Heat Pumps Can Decrease Emissions to Help Reach Net Zero
Jul 25, 2022
Currently, many home heating systems aren’t particularly environmentally friendly. They use gas, electricity, or oil to heat homes. Electricity, for example, often runs on coal or other fossil fuels. However, new technologies are being developed that can help make HVAC systems more environmentally friendly.
HVAC Reliance on Fossil Fuels in the US
In 2018, half of American households used natural gas for heating during the winter, while forty percent used electricity and the last ten percent was split evenly between oil and propane, according to the Office of Energy and Carbon Management. Those who use electricity for their heating needs are indirectly using natural gas because 99% of power plants use natural gas to generate electricity, per the U.S. Energy Information Administration. Natural gases, coal, and oil are non-renewable resources and even if concerns about the environment weren’t an issue, eventually new sources of energy will need to be used as these resources run out.
Heat Pumps Don’t Rely on Carbon
In order to combat the reliance on finite resources as well as make heating more environmentally friendly, researchers are looking into ways that homes can decarbonize their heating systems. Heat pumps can help homes reduce their carbon footprint and move towards net zero emissions.
How Does a Heat Pump Work?
A heat pump works by pumping heat into a house during the winter months and out of the home in the summer. Heat pumps can either source heat from the ground or the air. Ground-source heat pumps are generally less expensive while still reducing carbon emissions.
Ground-Source Heat Pump
A ground-source heat pump is also known as a geothermal heat pump. It transfers heat both out of and into the ground as needed to regulate the temperature inside a building. This type of heat pump typically works with a series of geothermal pipes laid into the ground outside the building.
Air-Source Heat Pump
Air-source heat pumps work similarly to ground-source heat pumps except that instead of pumping heat into or pulling heat out of the ground, the heat pump transfers heat to and from the air instead.
How Does a Heat Pump Reduce Emissions?
Heat pumps themselves use electricity to run instead of directly consuming natural gas, oil, or coal. This can help to reduce emissions, especially if the power plant the pump draws electricity from uses a more sustainable source of energy. Even if the electrical grid runs off of non-sustainable energy sources, heat pumps tend to reduce the amount of electricity needed to heat or cool a home.
Where Are Heat Pumps Most Effective at Reducing Emissions?
In the United States, many electrical power stations still use non-renewable energy. Countries that already power their electrical grids with more renewable sources of energy may see more immediate emissions reductions from using heat pumps. In the United States, installing heat pumps could reduce emissions in tandem with moving towards more sustainable sources of electrical energy.

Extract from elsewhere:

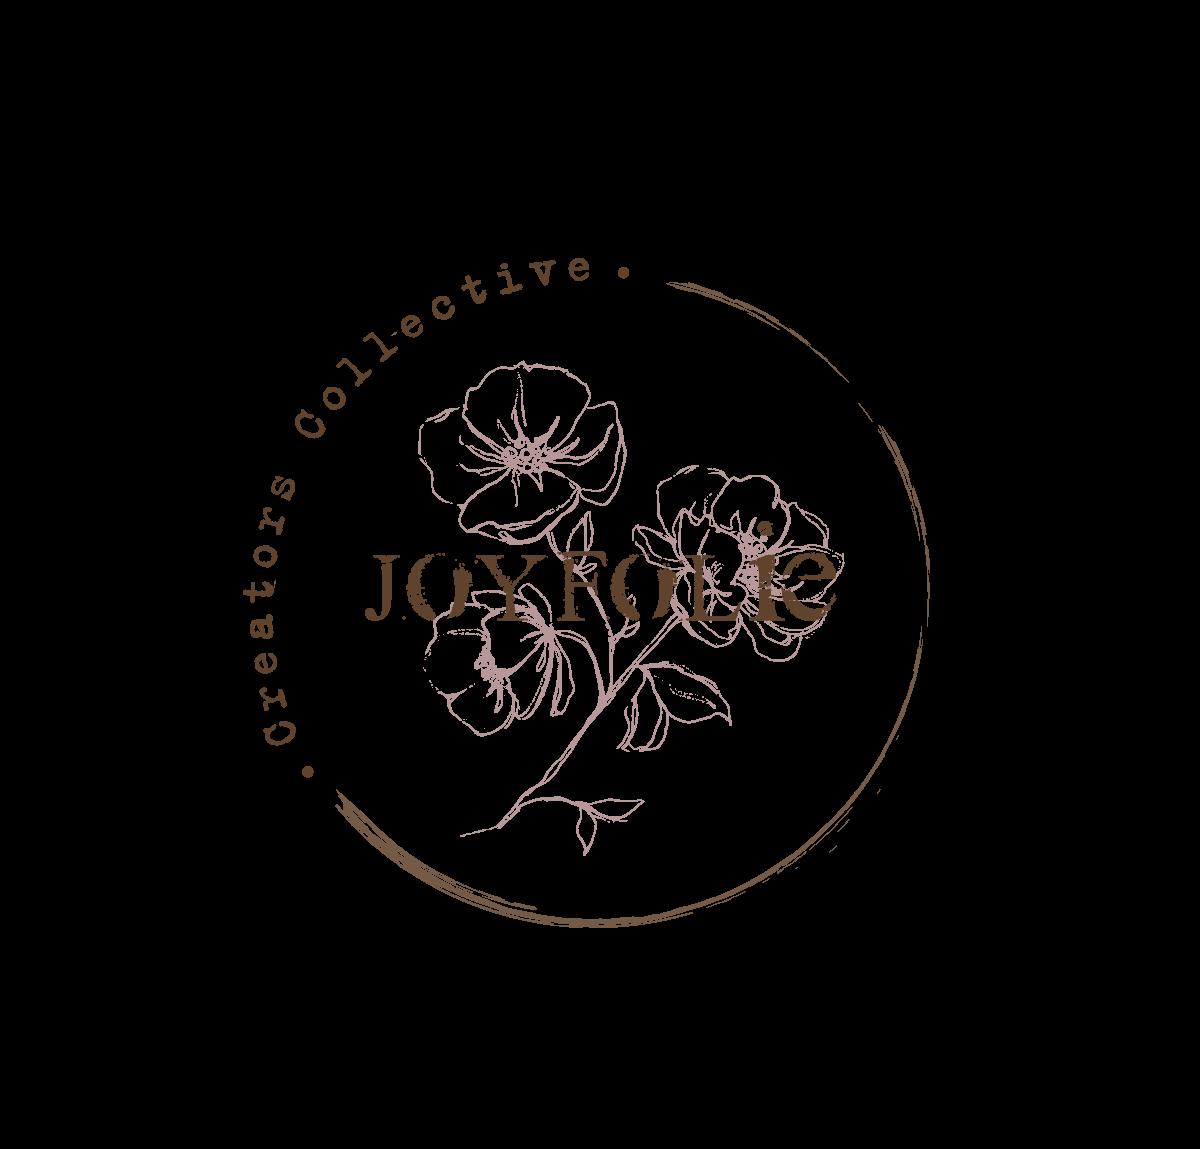 09-18-19-08-27-50_Joyfolie-photo-logoFINAL.png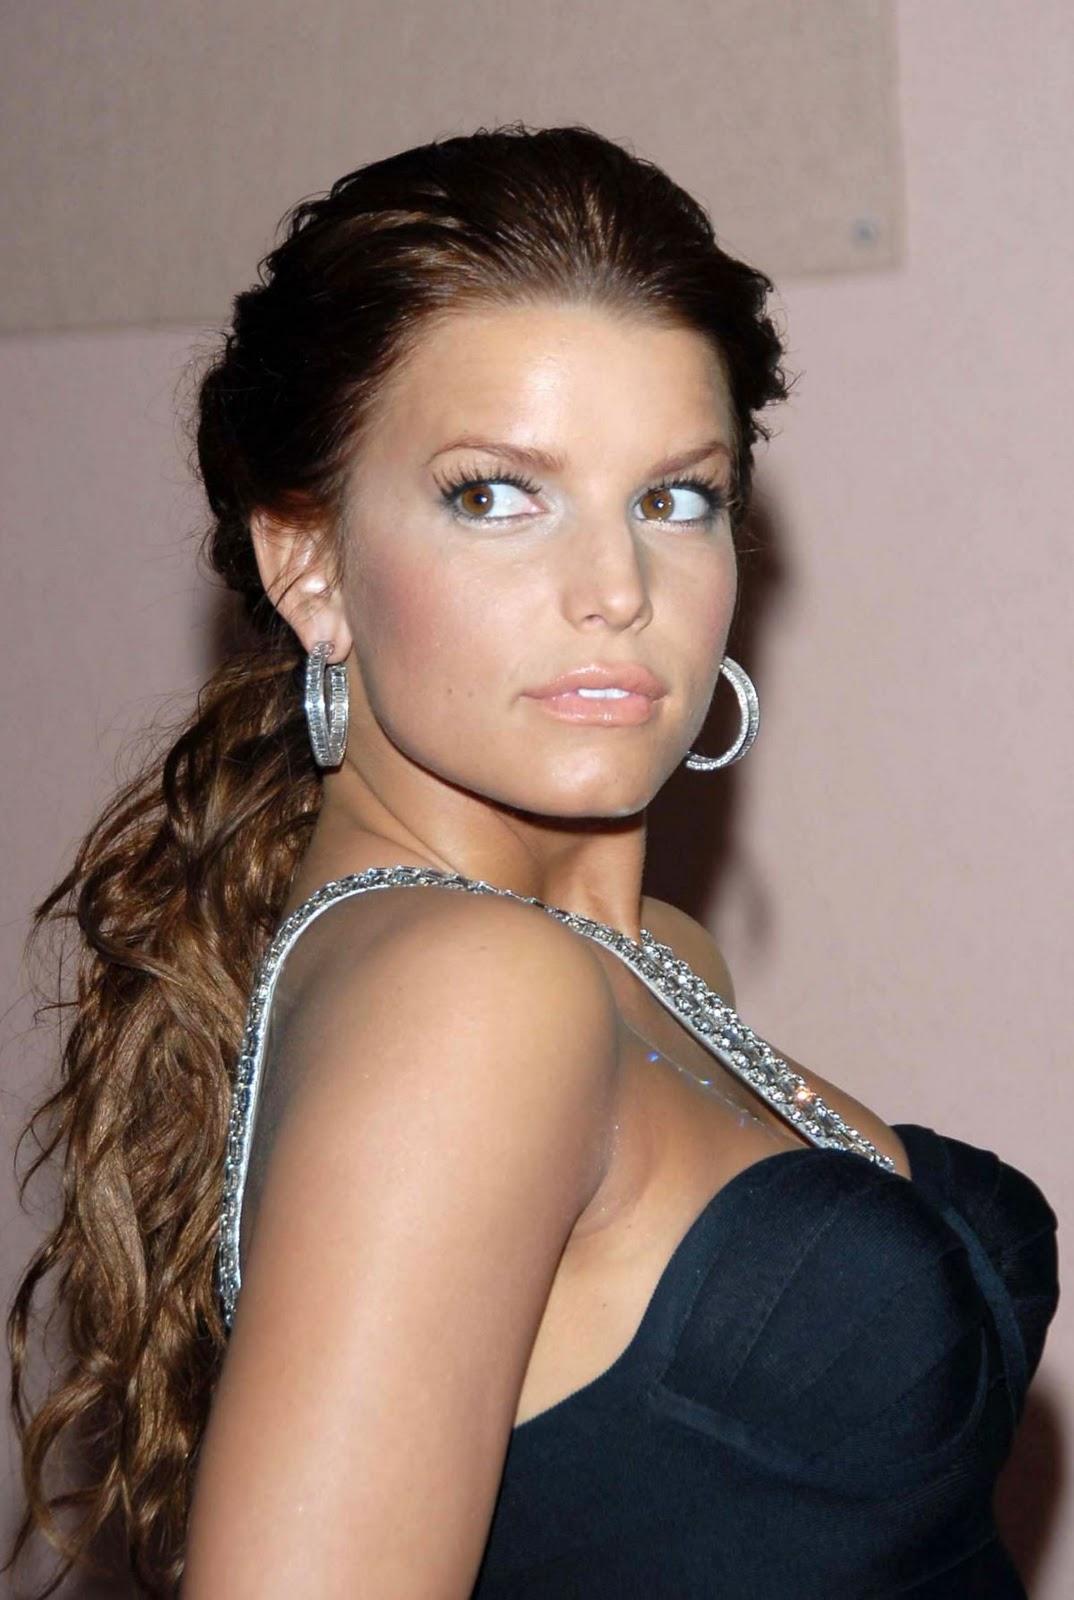 Top Model Bugil Jessica Simpson Amazing Breast

Do Heat Pumps Save Homeowners Money?
On top of the potential environmental benefits, heat pumps can save homeowners money on their energy bills. Homeowners could save up to 70% on their cooling and heating bills, depending on where they live, how much their energy bills cost before, and what type of heating and cooling system they used previously. For some homeowners, this could be as much as $1200 per year.
How Does Location Impact Heat Pump Effectiveness?
Heat pumps work best in warmer climates. In colder areas, a heat pump may not be enough to fully heat a home on its own and might need to be combined with another source of heat. In warmer locations like Florida, for example, a heat pump could supply sufficient heating for the winter because temperatures aren’t likely to drop below zero.
Can Heat Pumps Be Used With Commercial Buildings?
Heat pumps aren’t just for residential homes. Commercial buildings can also use heat pumps to reduce energy bills and to reduce carbon emissions. Both air-source and ground-source heat pumps are popular options for commercial buildings.